Para mis alumnos, además, esos cinco años habían supuesto el grueso de su experiencia como adolescentes y como estudiantes de instituto, y para mí, todo tipo de experiencias a nivel personal y como docente en tres institutos diferentes de la Comunidad Autónoma de Extremadura. Sumamente emocionado, la tarde anterior a ese 20 de mayo de 2023 conduje con mi coche los más de 300 km que separan Tomelloso de mi residencia actual y la mañana siguiente al fin me reuní con mis antiguos alumnos, tres compañeros del Airén y José Antonio, el director del instituto, que tuvo el detalle de acercarse un sábado por la mañana al centro para abrirnos las puertas y ofrecernos todas las facilidades posibles para proceder a desenterrar la cápsula del tiempo. Allí estaban mis alumnos, increíblemente altos y maduros a mis ojos, y nada más verlos, no pude evitar envolverme en un abrazo con todos ellos. Mi mayor miedo era que, al haber pasado tanto tiempo, y tras haber dado clase a centenares de adolescentes, algunas caras me resultaran irreconocibles, o incluso algunos nombres se me hubieran olvidado, pero para mi alivio, lo cierto es que los reconocí a todos al instante, sin la más mínima dificultad. Con un calor cada vez más sofocante, tras más de 20 minutos excavando con las palas que nos había prestado José Antonio, y tras un par de cambios de ubicación, pues teníamos algunas dudas sobre si la cápsula del tiempo se encontraba unos centímetros más acá o más allá, al fin lo conseguimos: como por arte de magia, la caja de madera se había desintegrado, pero por suerte, las bolsas que envolvían nuestras cartas habían aguantado lo suficiente como para conservar nuestros preciados escritos.

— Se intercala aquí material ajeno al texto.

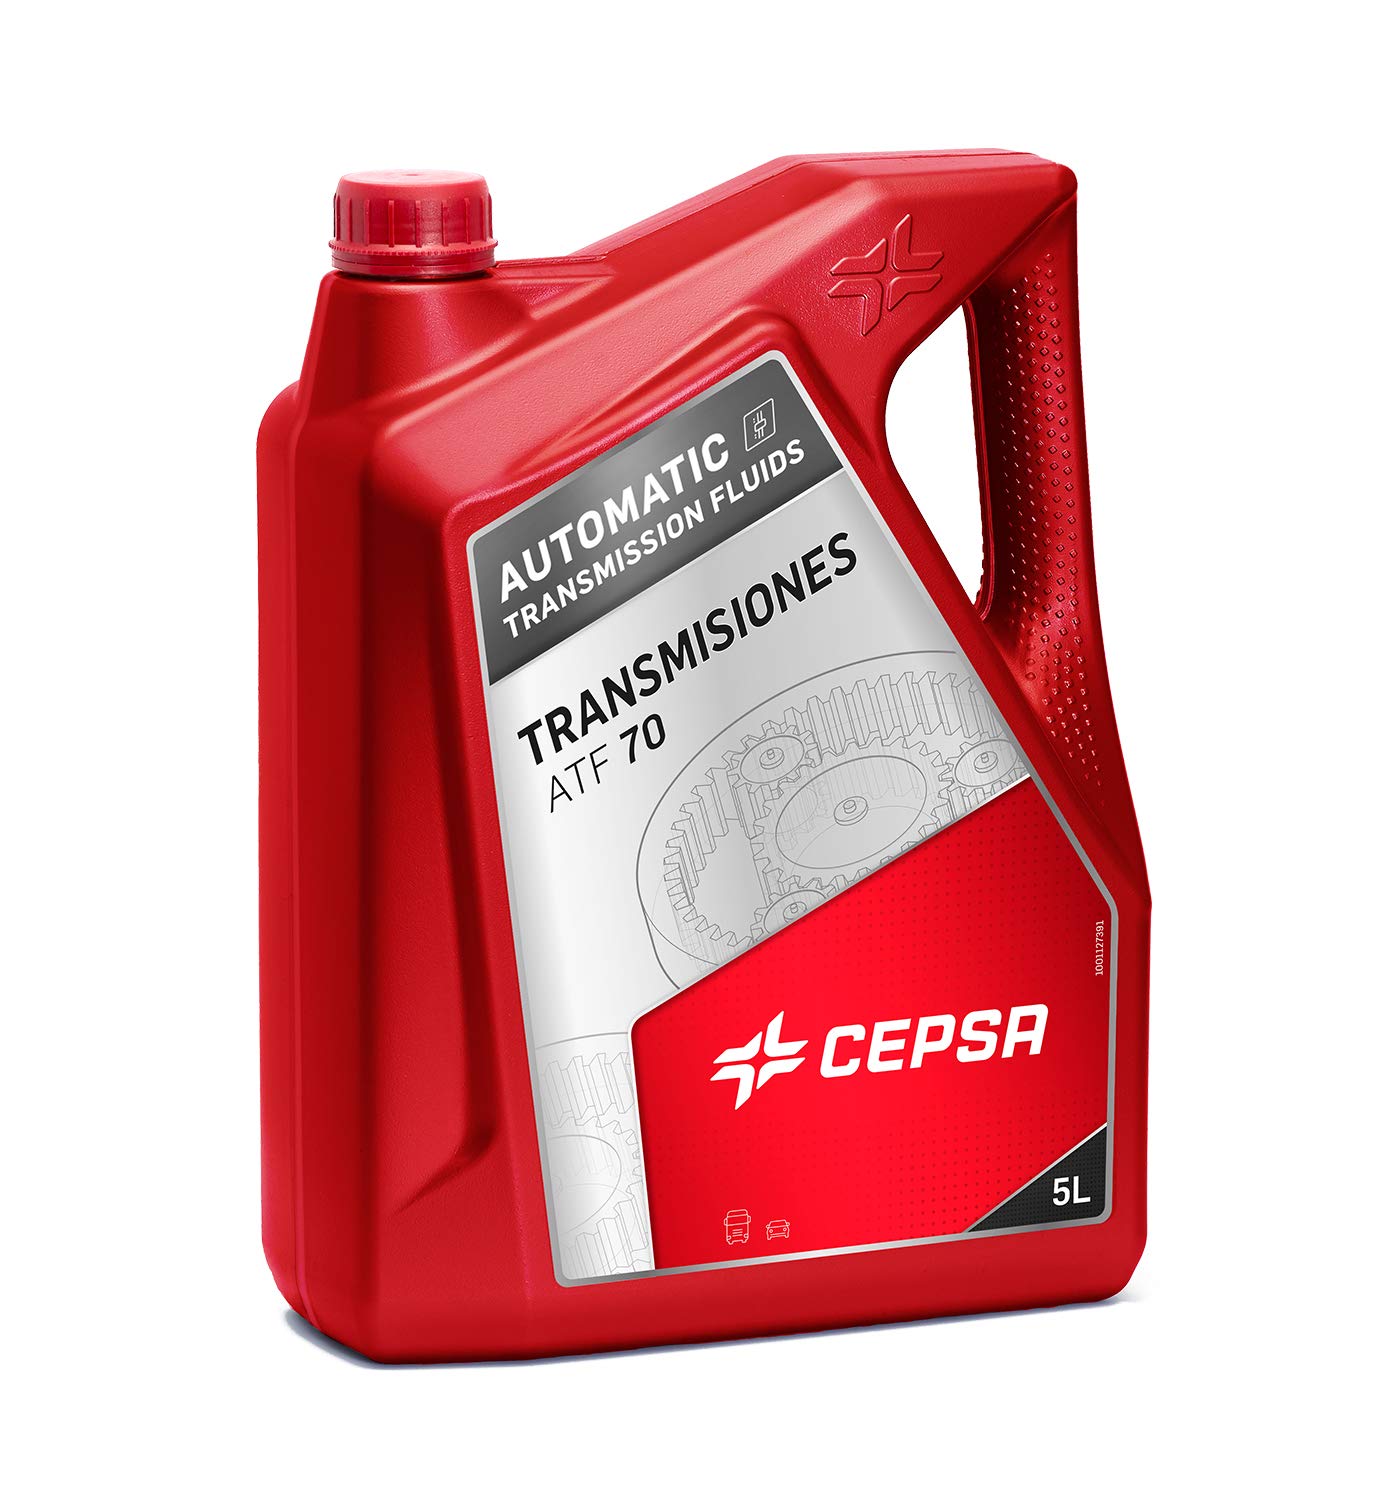 CEPSA 548363073 Mineralöl für Automatikgetriebe ATF 70, 5 Liter von CEPSA

Procedimos entonces a repartir las cartas, y una vez leídas por sus autores, que entre otras reacciones mostraron risas, gestos de sorpresa, miradas de aprobación, alguna que otra lágrima y comentarios de incredulidad, pasé a leer a mis alumnos la carta que había escrito yo para ellos cinco años atrás. En ella, a grandes rasgos, rememoraba algunos de nuestros mejores momentos, incluía referencias directas a todos mis chicos, de forma individualizada, y les confesaba lo importantes que habían sido para mí para confirmar que no me había equivocado lo más mínimo con el camino escogido y que, efectivamente, mi vocación era la docencia. Me llevó algo más de diez minutos leer la carta, y he de reconocer que en un par de ocasiones la emoción me jugó una mala pasada y me obligó a hacer un parón de unos segundos, para evitar que se me saltaran las lágrimas. Tras unos aplausos conmovedores, algunos valientes se atrevieron a leer públicamente el contenido de sus cartas, regalándonos frases para la posteridad y confesiones de lo más sorprendentes. Una vez terminadas las lecturas, pusimos fin al reencuentro con una comida en un restaurante cercano para recordar viejas anécdotas y contar proyectos de futuro y cerramos así una experiencia que comenzó como una aventura improvisada y que ha terminado por convertirse en una de las experiencias más gratificantes que he tenido ocasión de vivir como docente.

Por ello, solo puedo terminar recomendando a los maestros y profesores que hayan dedicado unos minutos de su valioso tiempo a leer estas líneas que, si la idea les resulta atractiva, se embarquen en un proyecto similar. Y también, por supuesto, dando las gracias. Gracias, de corazón, a mis alumnos del Airén, por todo lo que me enseñasteis en mi primer año como profesor y por haberme regalado tantos buenos momentos. Gracias, mis pequeños, por personificar a la perfección la fusión más tierna posible entre Don Quijote y Sancho Panza, con vuestra explosiva mezcla de naturalidad, honradez, espontaneidad y dosis oscilantes e impredecibles de sensatez y locura. Gracias, en fin, por tanto, a cambio de tan poco.

Ojalá que este pequeño artículo subsista en la nube el tiempo suficiente para que, dentro de muchos años, cuando la tierra nos sea leve y se haya extinto todo recuerdo, un fortuito lector del futuro que eche o no fuego por la boca pueda toparse con él y convertirlo así en otra humilde cápsula del tiempo.